- **TO DO**:
Repeat the listing below exactly. Pictures do not belong in the copy.

(COLLECTED MATERIAL)

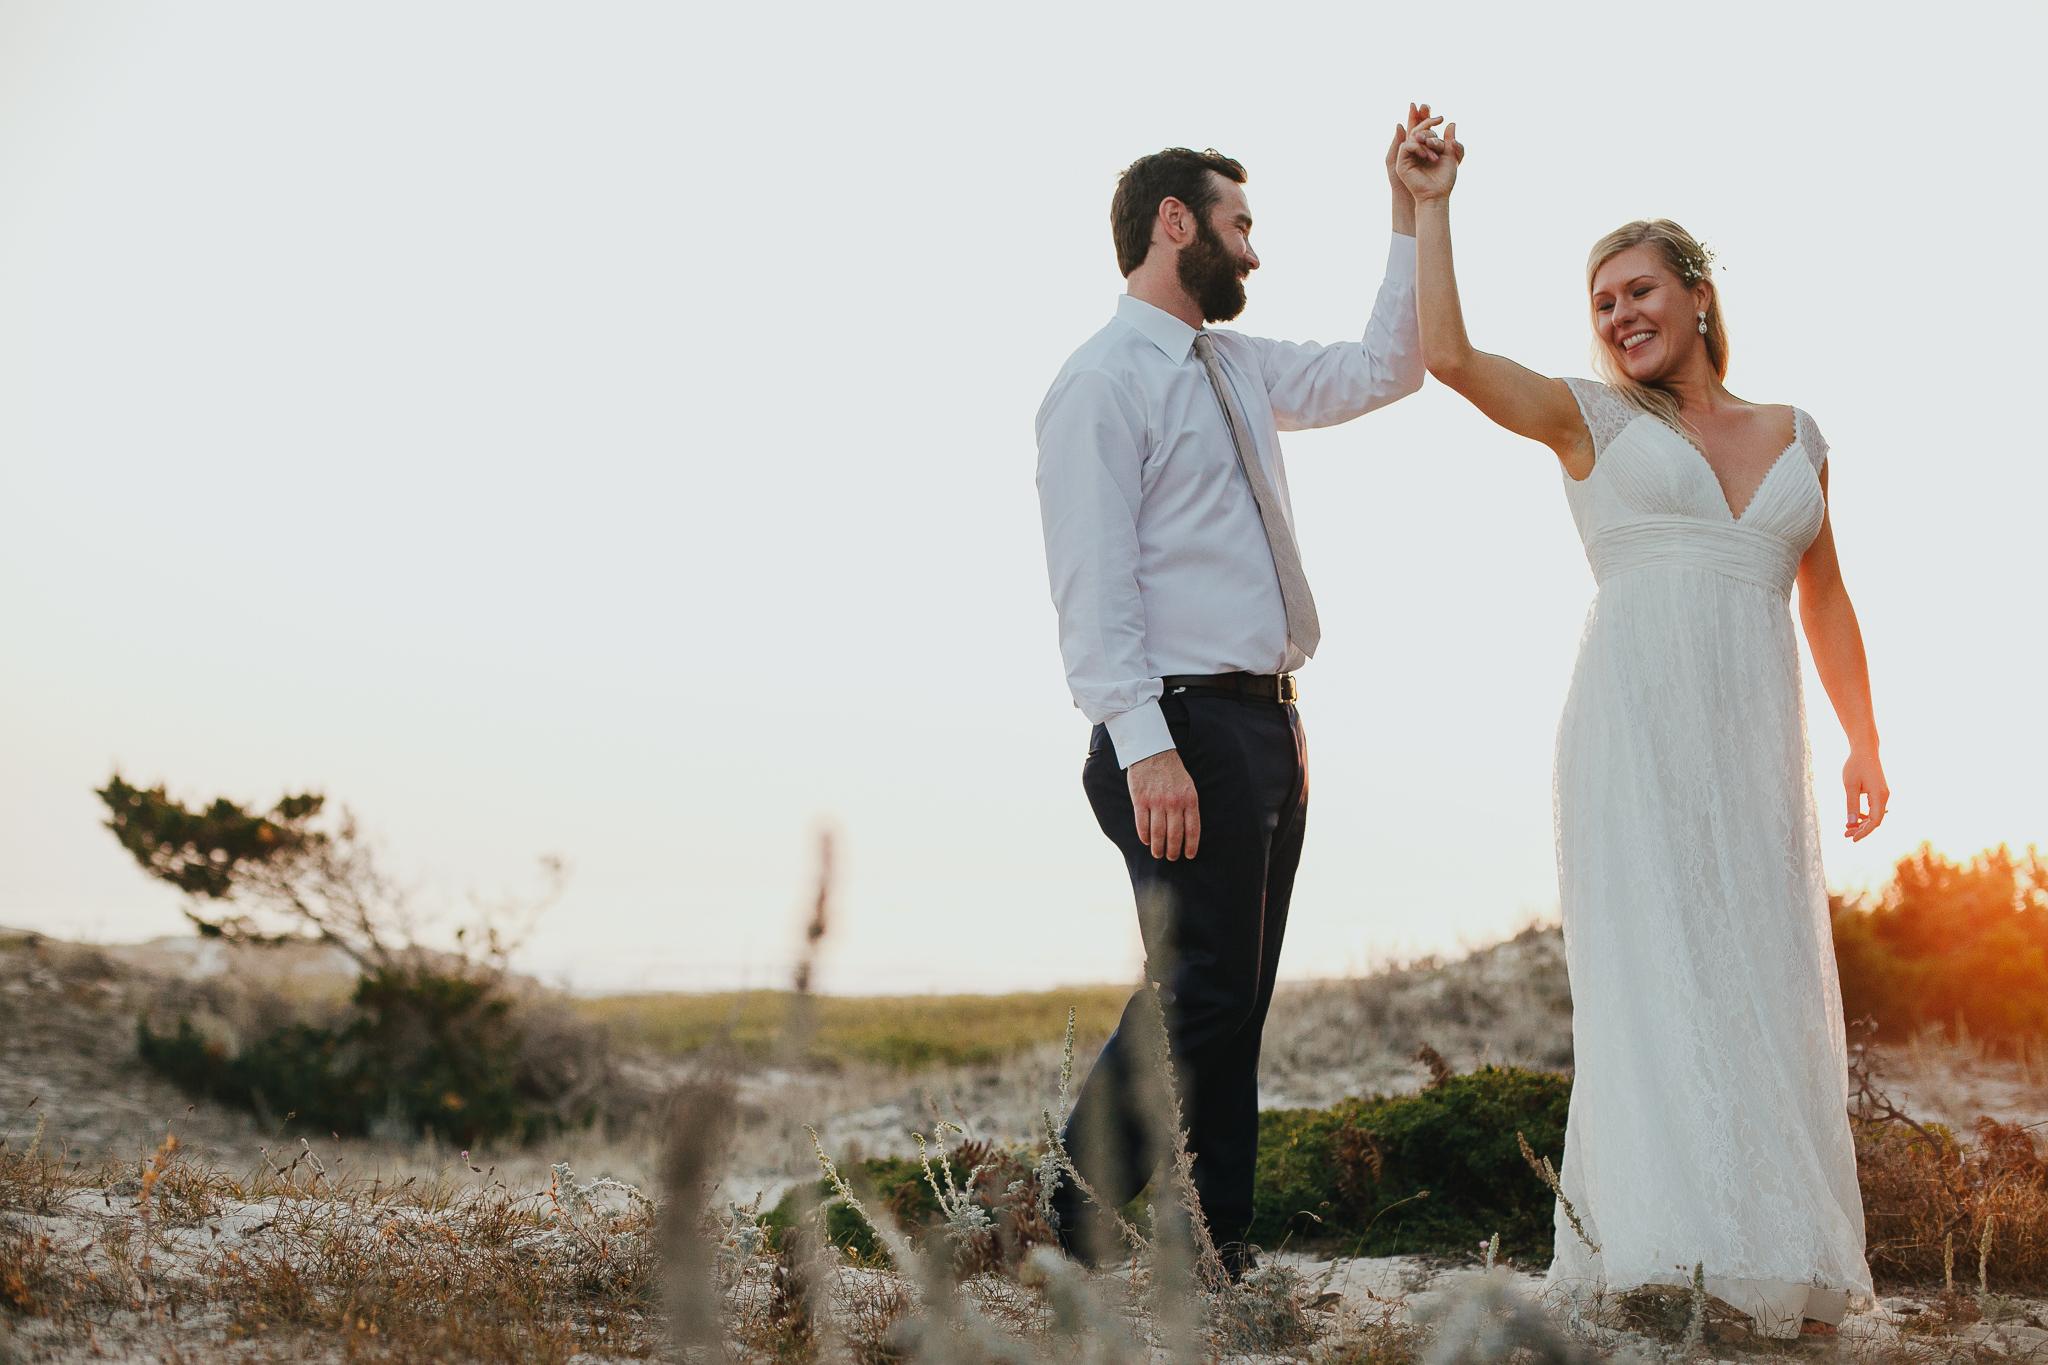 Archer_Inspired_Photography_Pacific_Grove_Ansilomar_Beach_Carmel_Valley_Wedding-196.jpg
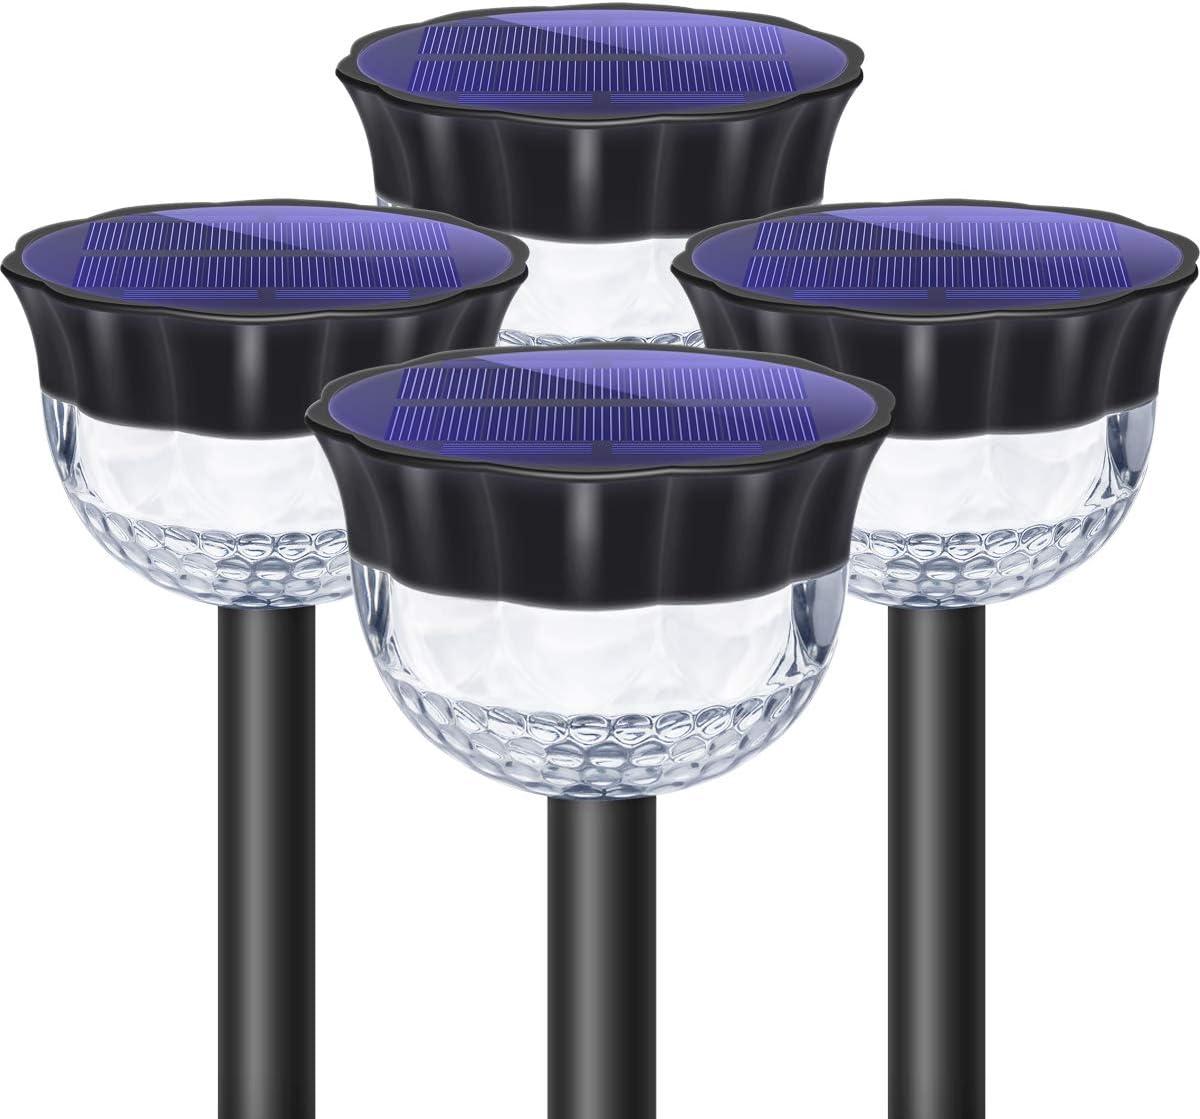 Solar Pathway Light Waterproof, Big Solar Charging Panel, Outdoor Solar Powered Garden Lights, 18 LEDs, Warm White Dock Light for Lawn, Yard, Walkway, Driveway, 4 Pack
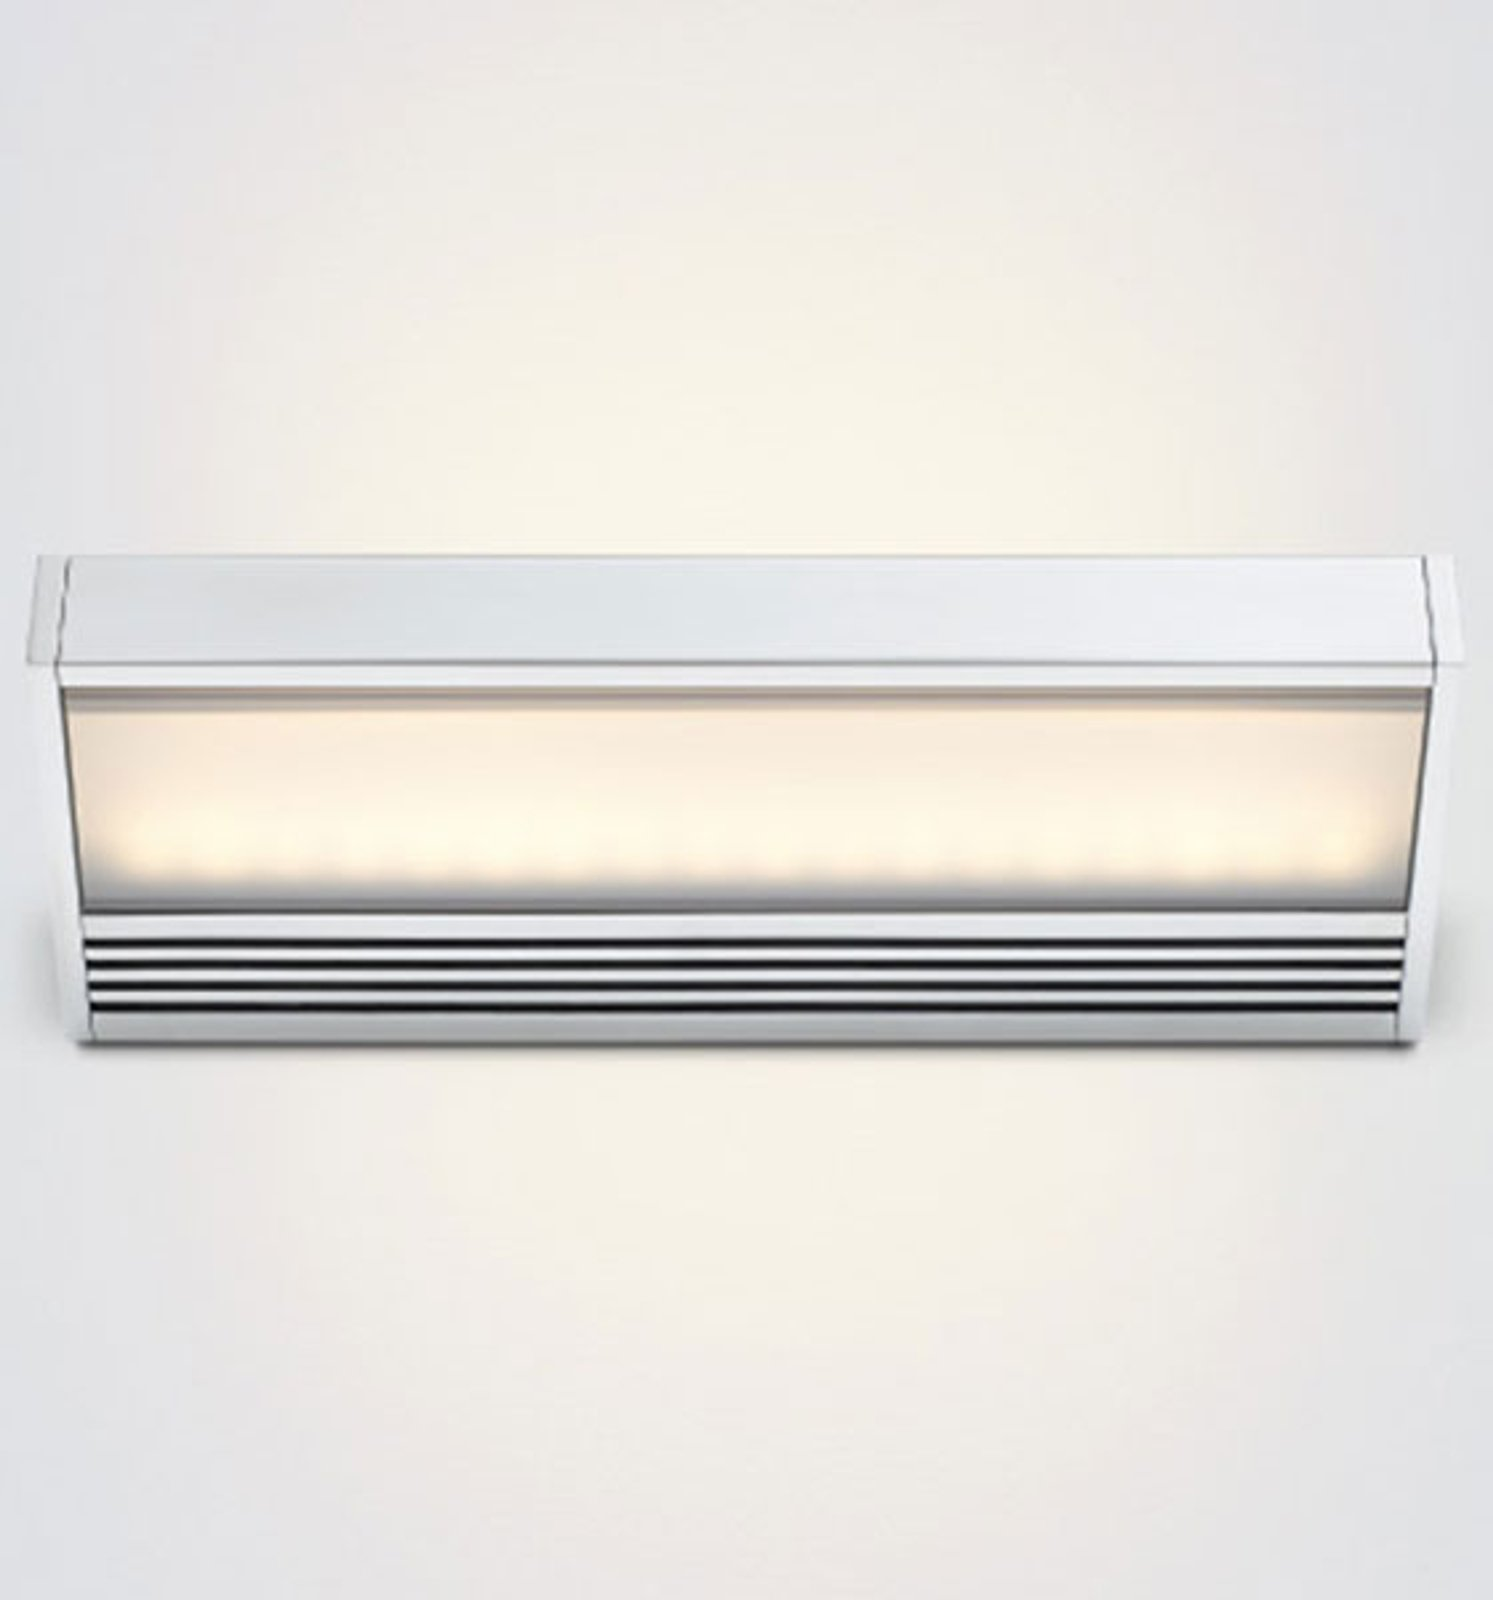 SML LED wall lamp made of polished aluminium

(End COLLECTED MATERIAL)

- **RESPONSE BELOW**:
 Archer_Inspired_Photography_Pacific_Grove_Ansilomar_Beach_Carmel_Valley_Wedding-196.jpg
 Solar Pathway Light Waterproof, Big Solar Charging Panel, Outdoor Solar Powered Garden Lights, 18 LEDs, Warm White Dock Light for Lawn, Yard, Walkway, Driveway, 4 Pack
 SML LED wall lamp made of polished aluminium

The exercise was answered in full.